→ **TASK REQUIREMENTS**:
Reproduce the data below exactly. Skip the pictures.
** DATASET EXTRACT follows **
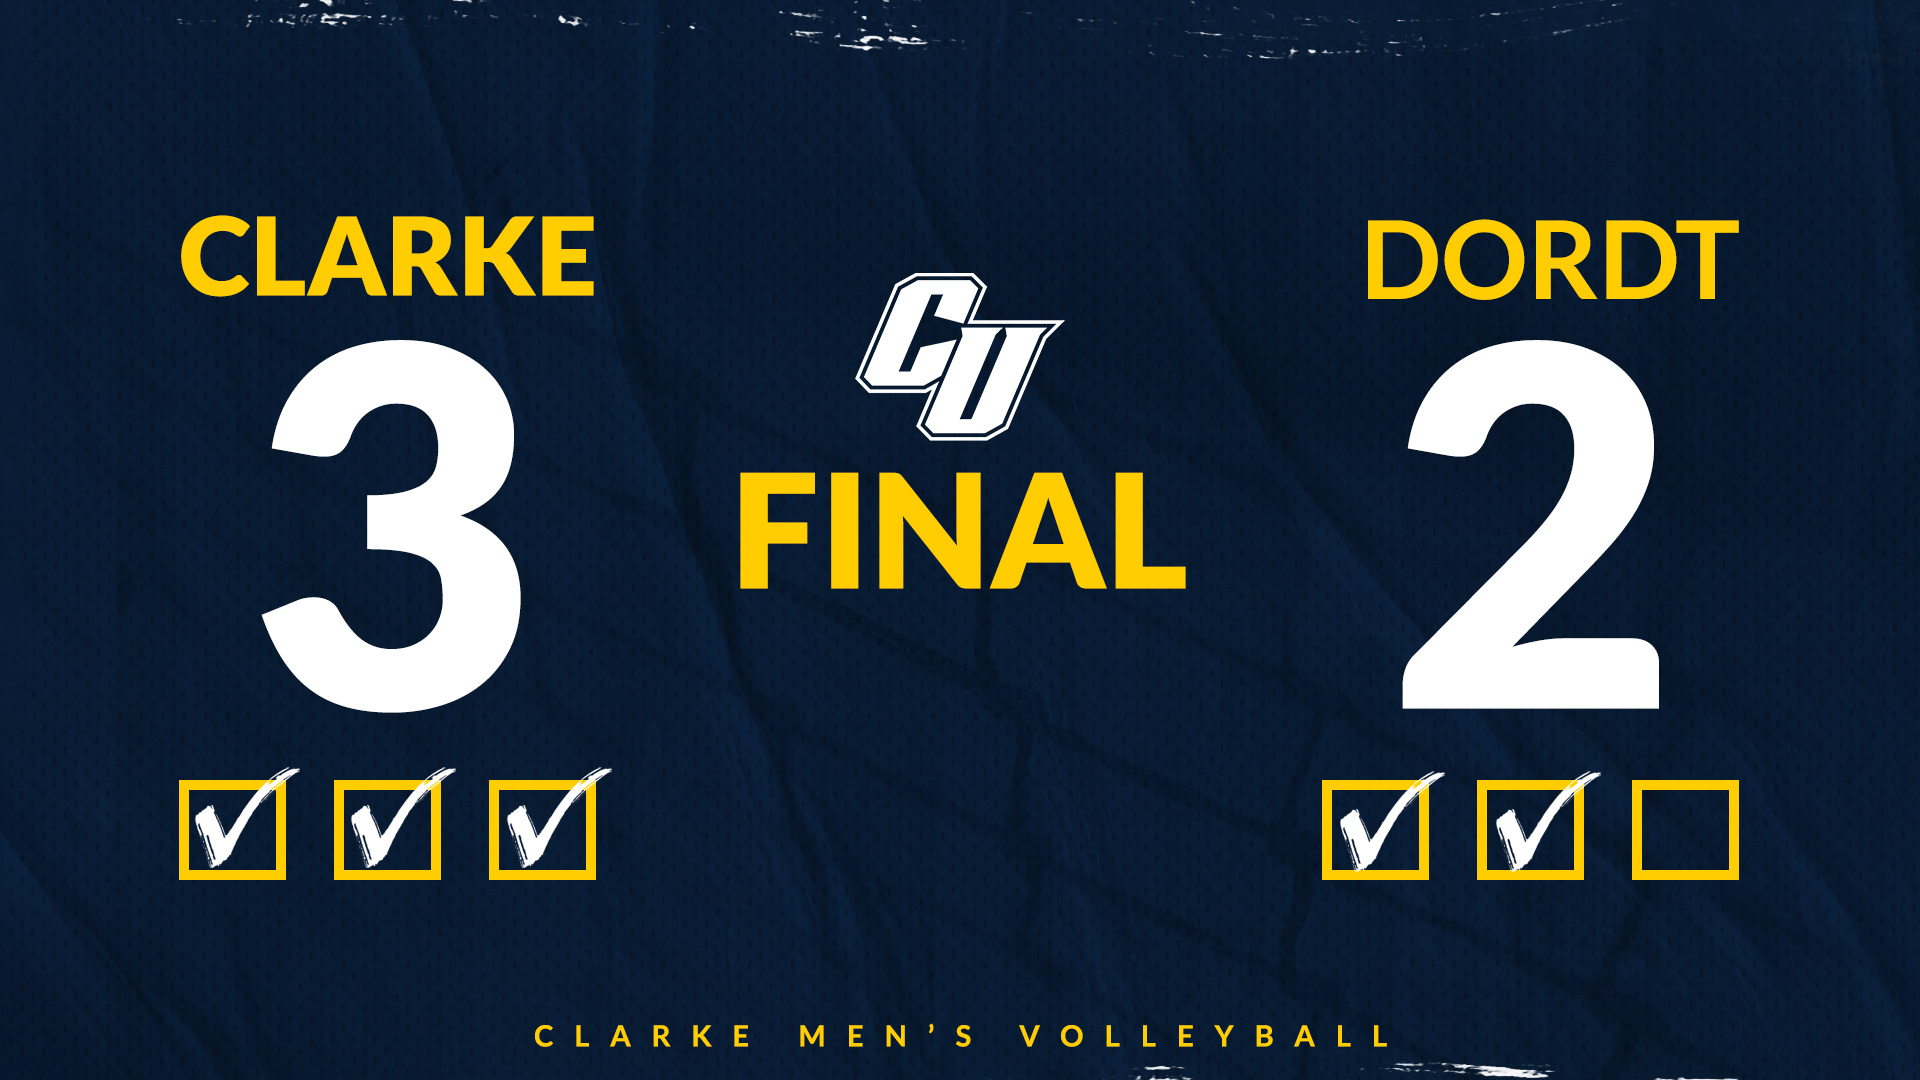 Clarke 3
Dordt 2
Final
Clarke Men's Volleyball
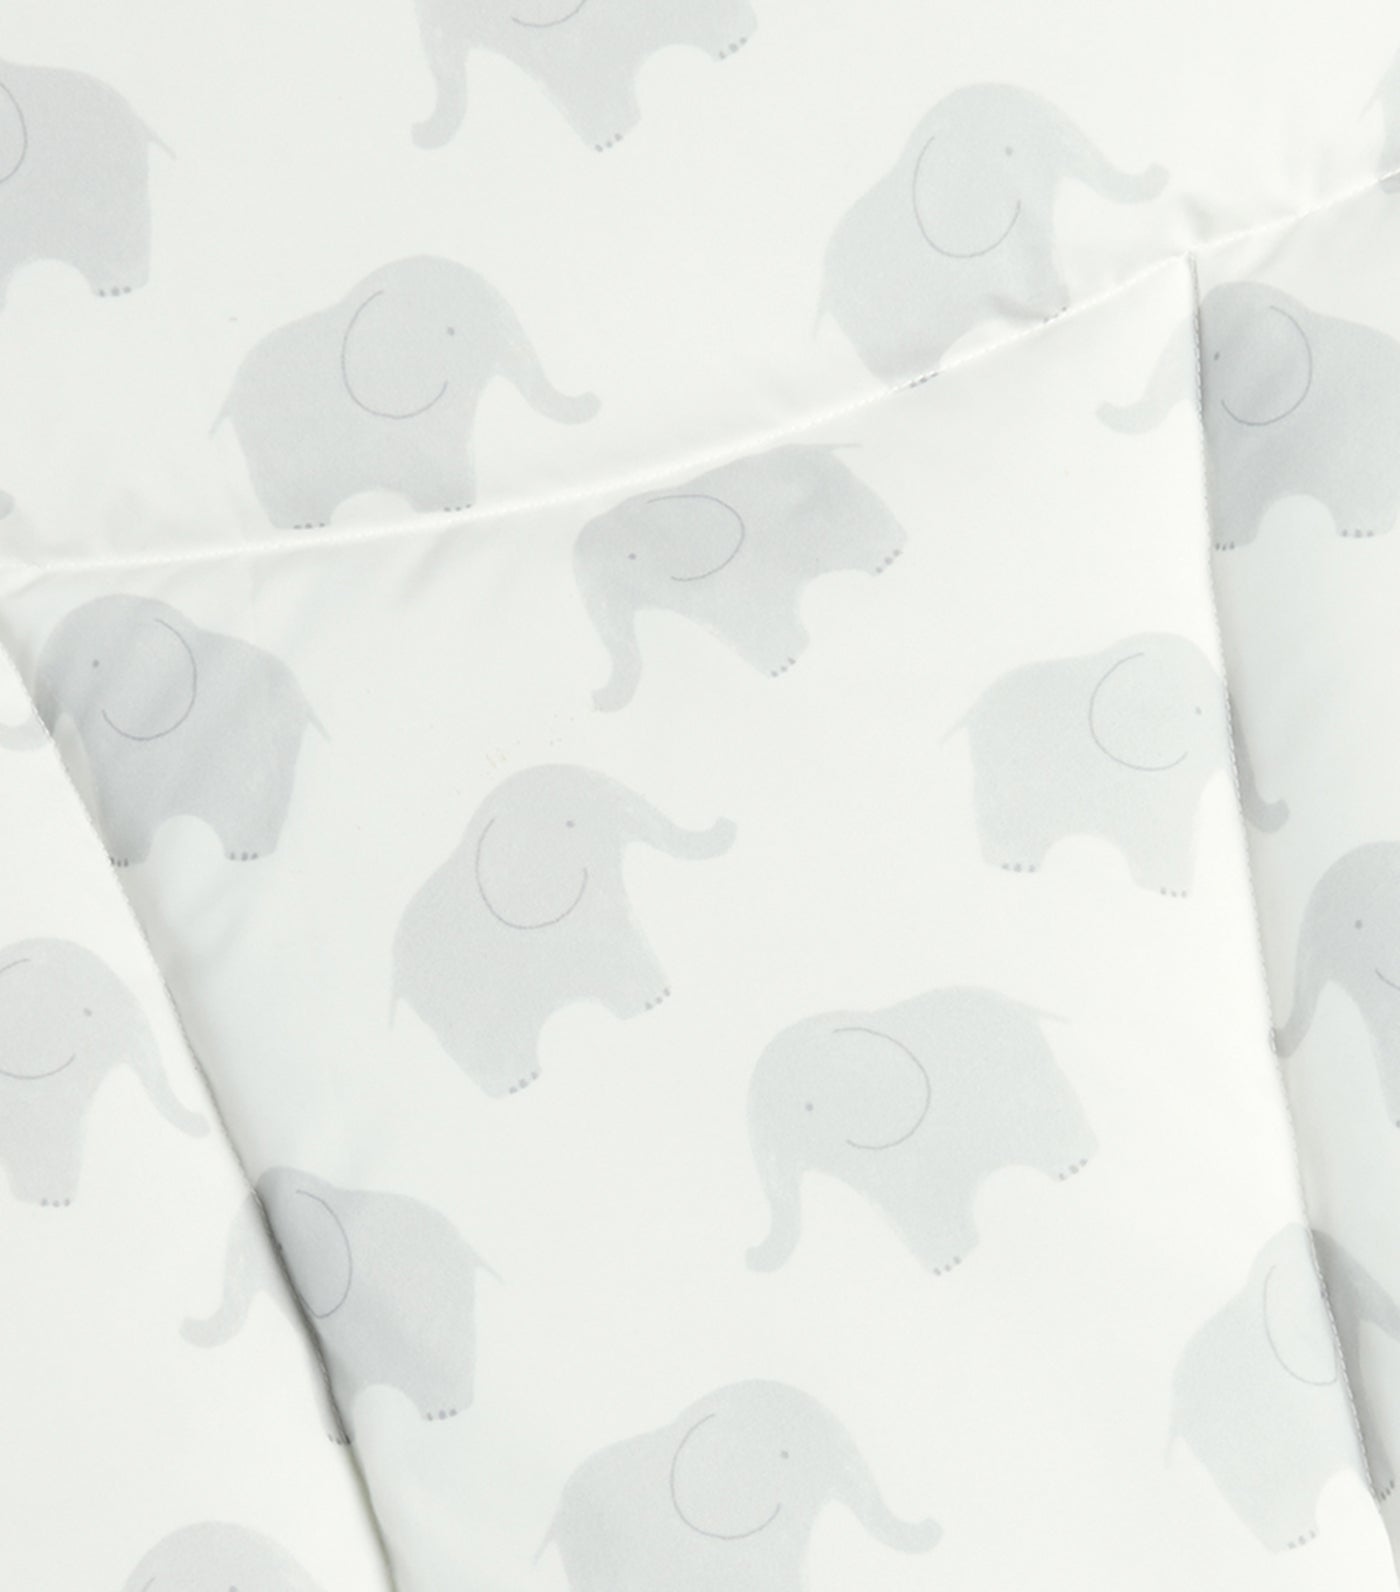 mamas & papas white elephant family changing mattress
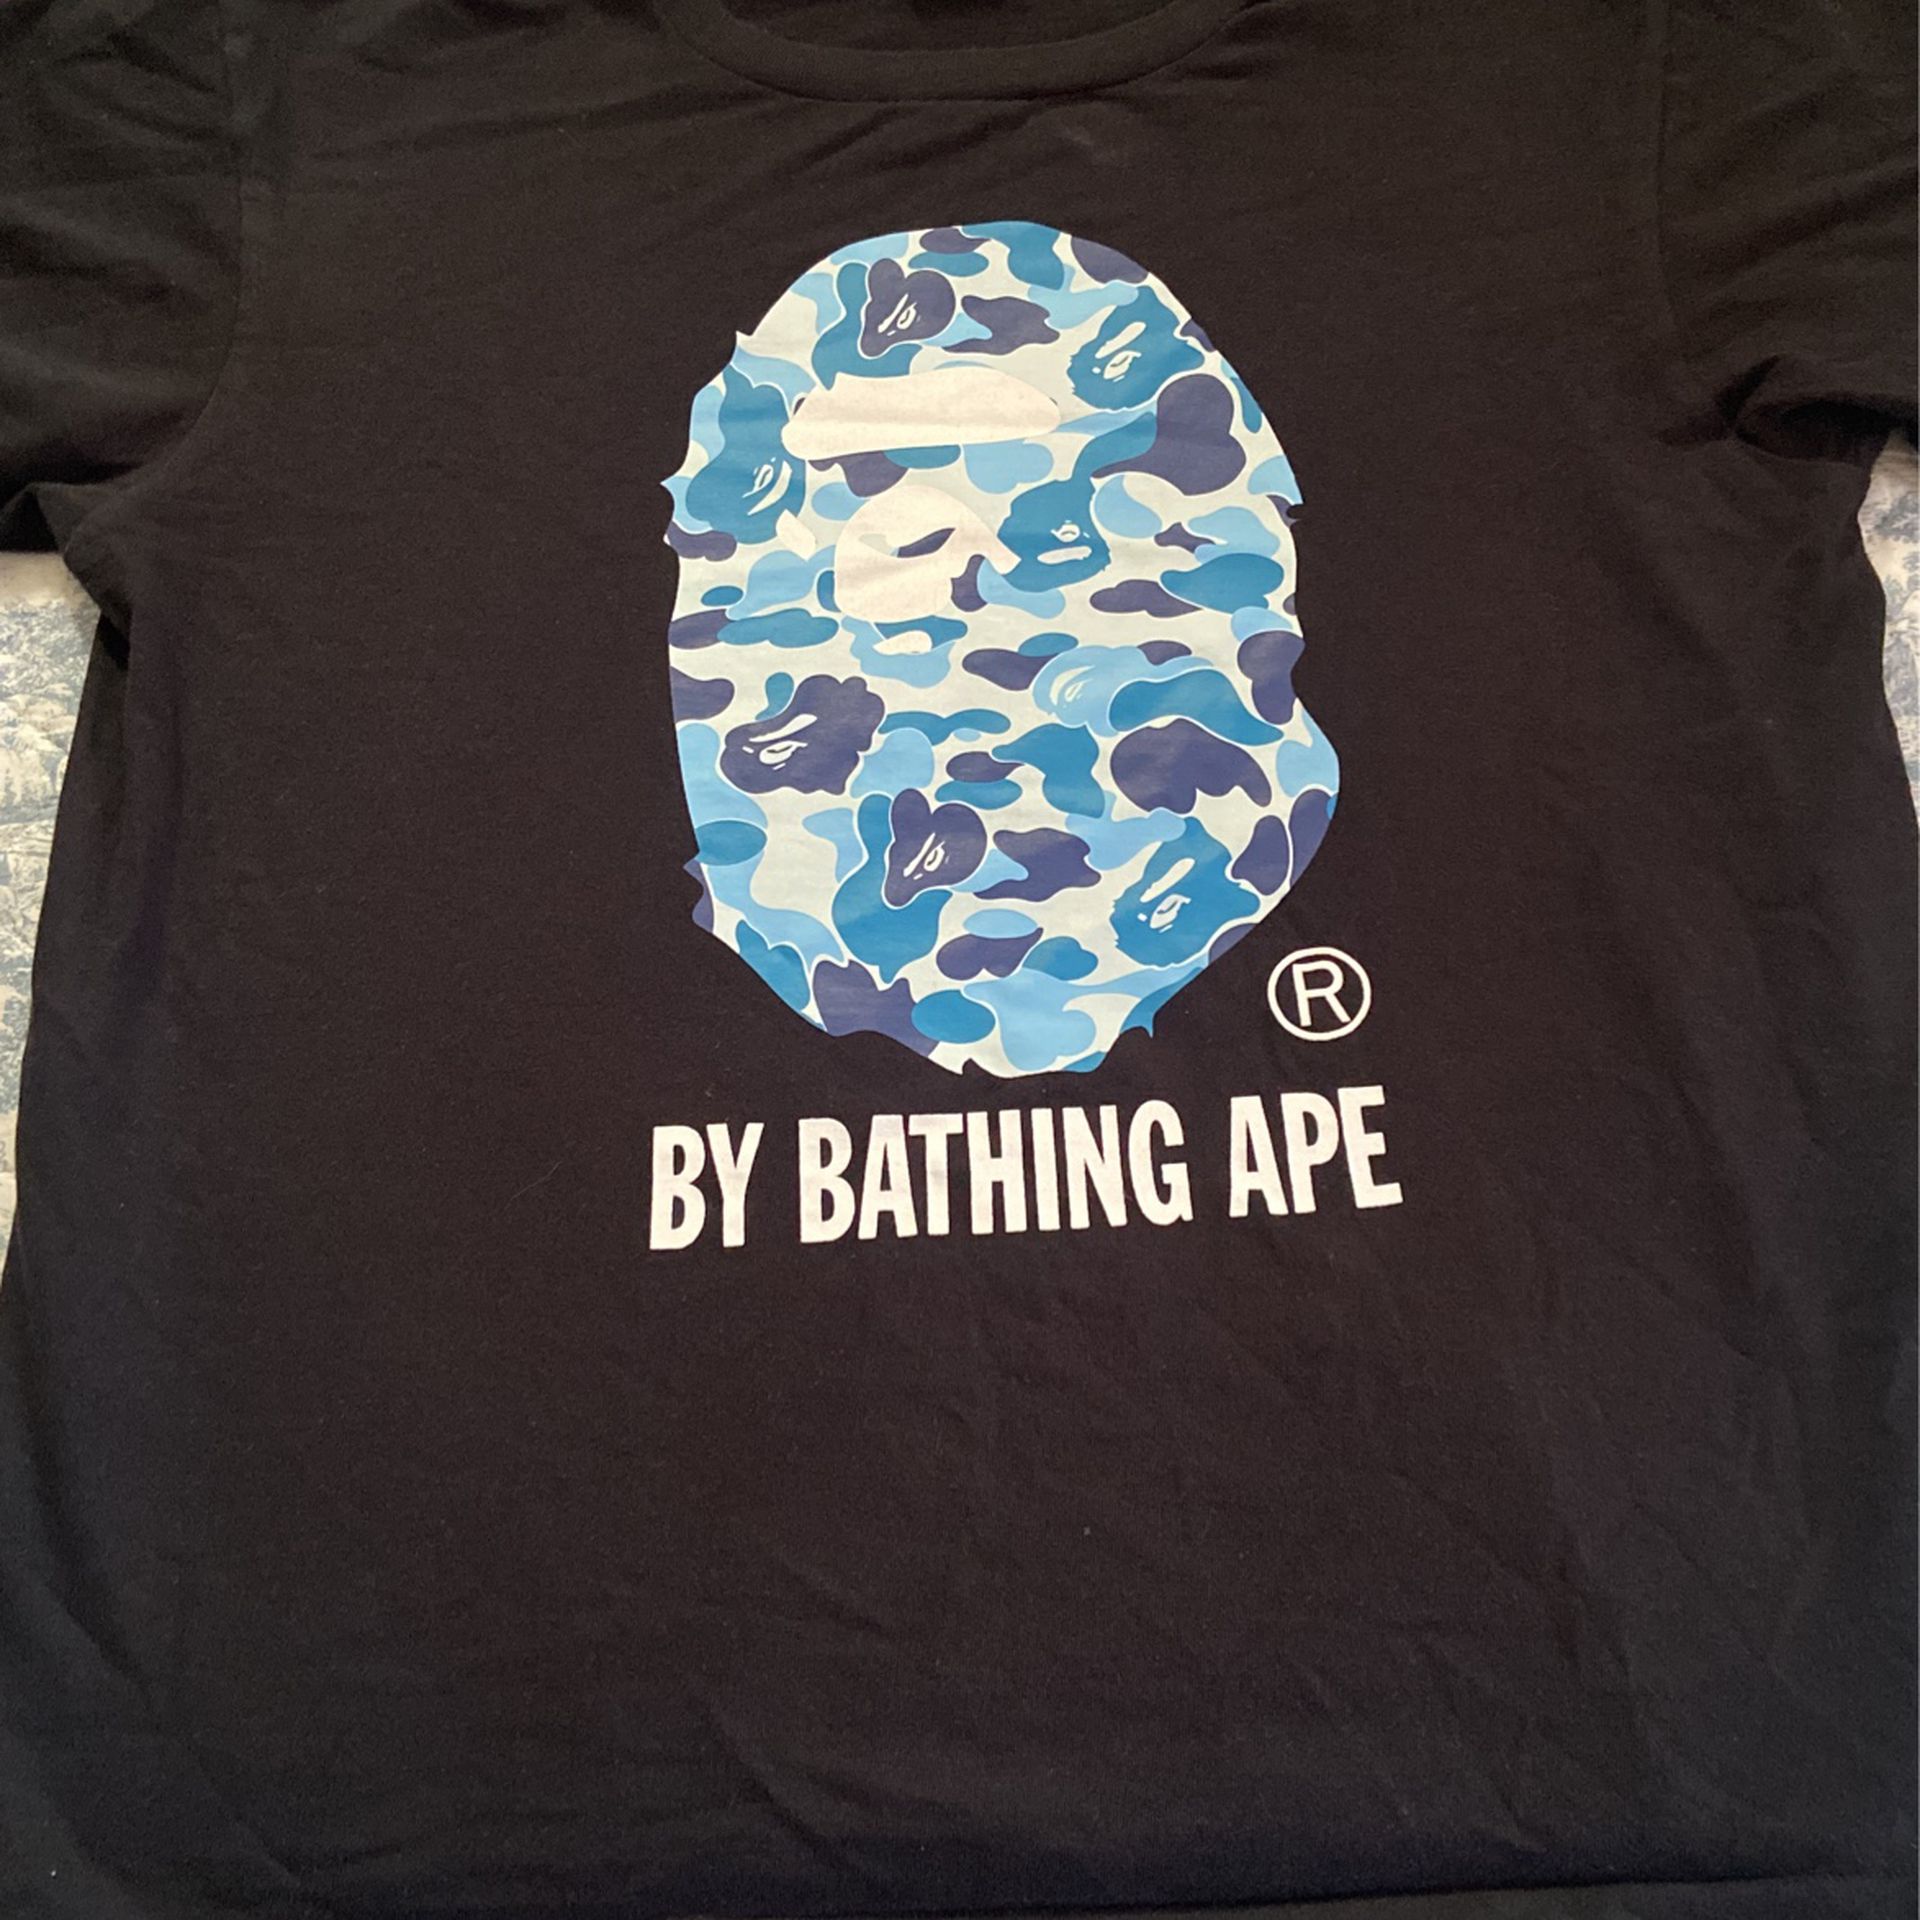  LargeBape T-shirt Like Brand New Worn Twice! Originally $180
** End of DATASET EXTRACT **
→ **ANSWER AREA**:
 Clarke 3
Dordt 2
Final
Clarke Men's Volleyball
 mamas & papas white elephant family changing mattress
  LargeBape T-shirt Like Brand New Worn Twice! Originally $180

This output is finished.